Слава сразу же почувствовала, что обязана смотреть на то, как режут курицу. Она не могла выносить, что этот парень так растерян и взволнован, что физиономия у него вытянувшаяся и небритая. Хотя он не прикасался к ней, Слава представляла себе, как колется его жесткая щетина. У него наверняка потные ладони. Ее возбуждало, что он влюблен в нее. Он действительно думал, что если она не помирится с мужем, то выйдет за него, потому что выслушивала его в Нареве? Так-то он, кажется, умный, начитанный, взрослый человек, а все же — ешиботник.
— Успокойтесь, садитесь, — сказала она ему, а сама осталась стоять.
— Я спокоен, совершенно спокоен, — сказал он надломленным голосом и сел.
Она стала его домом. После столь многих лет скитаний на чужбине он нашел в ней свой дом. Его мечта в жизни — это собственный уголок с чистой подушкой. В Танахе рассказывается, как пророк Иона предсказал гибель Ниневии, вышел за город и стал ждать, пока Ниневия погибнет. И он сидел в тени дерева с широкими листьями, которое называется клещевина. Но Бог послал червя, который подгрыз клещевину, и она засохла. А жара была так велика, что Ионе стало плохо, и он взмолился о смерти. Даже пророк не может жить на жаре без тени, без шатра, без собственного угла.

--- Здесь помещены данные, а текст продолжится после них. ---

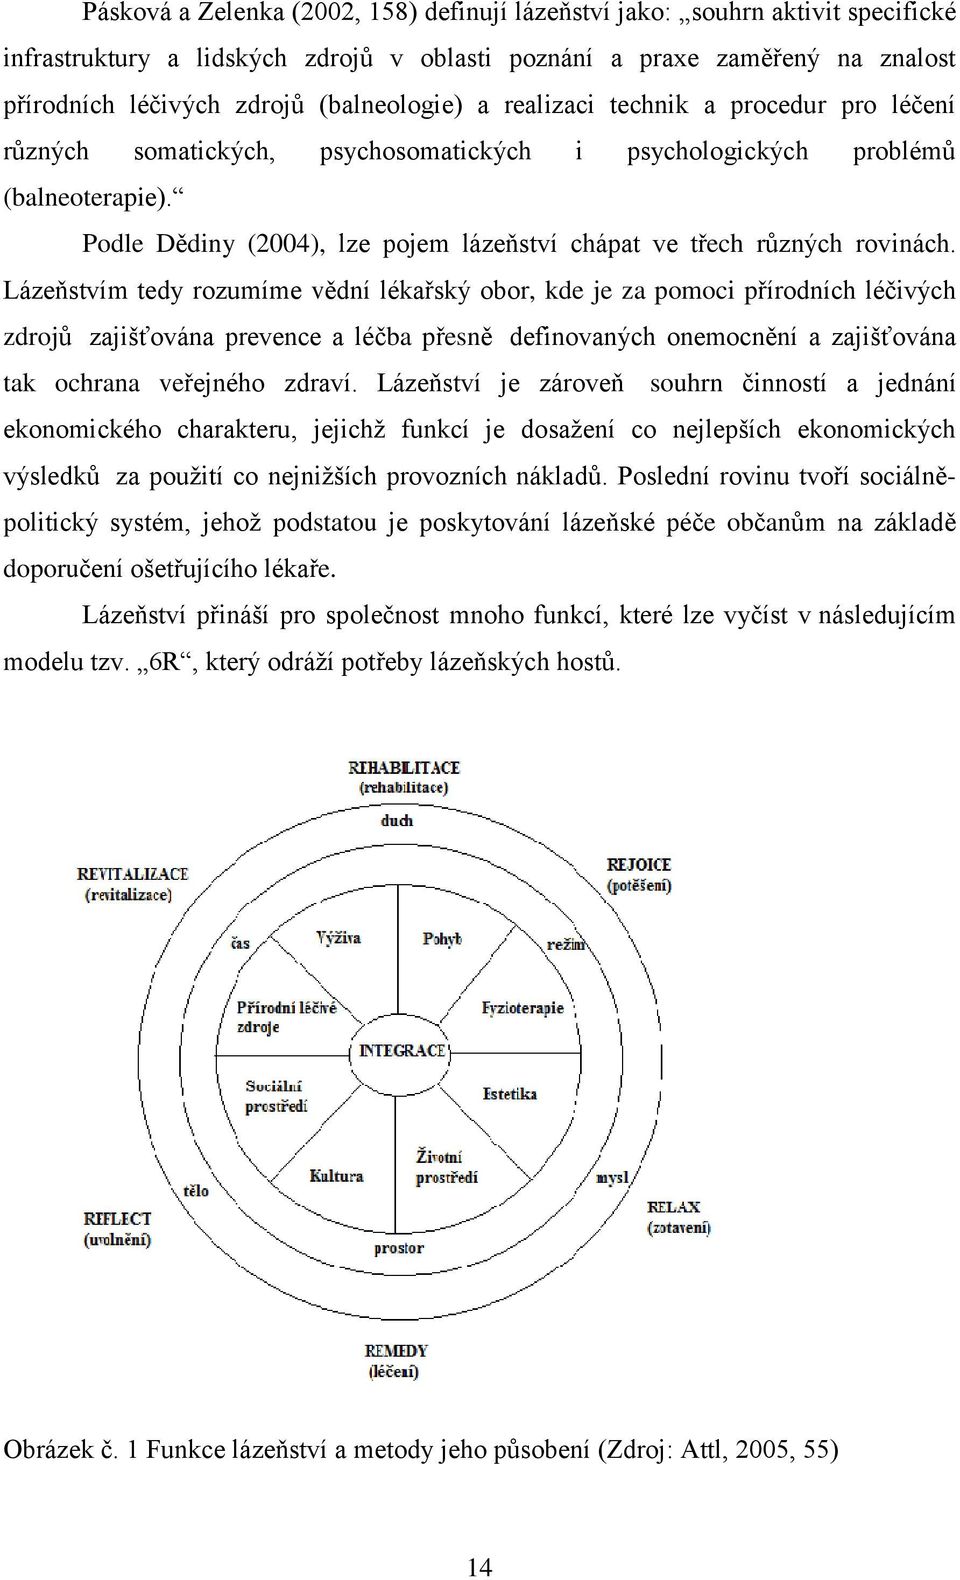 Podle Dědiny (2004), lze pojem lázeňství chápat ve třech různých rovinách.

Логойчанин сидел, уткнувшись лицом в ладони. Тронутая его речами, Слава приблизилась мягкими шагами, протянув руку вперед. Она сама не знала, собирается ли погладить его или же оттолкнуть, когда он попытается прикоснуться.
— Я люблю моего мужа, хотя мне и пришлось так много из-за него страдать. Неужели же я оставлю его сейчас, когда мы помирились и он едет со мной домой?
Мойше Хаят широко раскрыл свои жаждущие глаза, и Слава съежилась. Ей пришло в голову, что либо он сейчас упадет к ее ногам, либо схватит за горло и начнет душить. Несмотря на это, она еще с минуту продолжала стоять и говорить:
— Вы убедили себя, что любите меня. Вам это, скорее всего, кажется. Вы забудете меня сразу же, как устроитесь и перестанете думать о моем муже. Сразу же, как перестанете ненавидеть моего мужа, вы разлюбите меня… Перед отъездом я еще встречусь с вами. — Она вдруг поспешно отступила к двери и вышла прежде, чем он успел крикнуть, чтобы она осталась.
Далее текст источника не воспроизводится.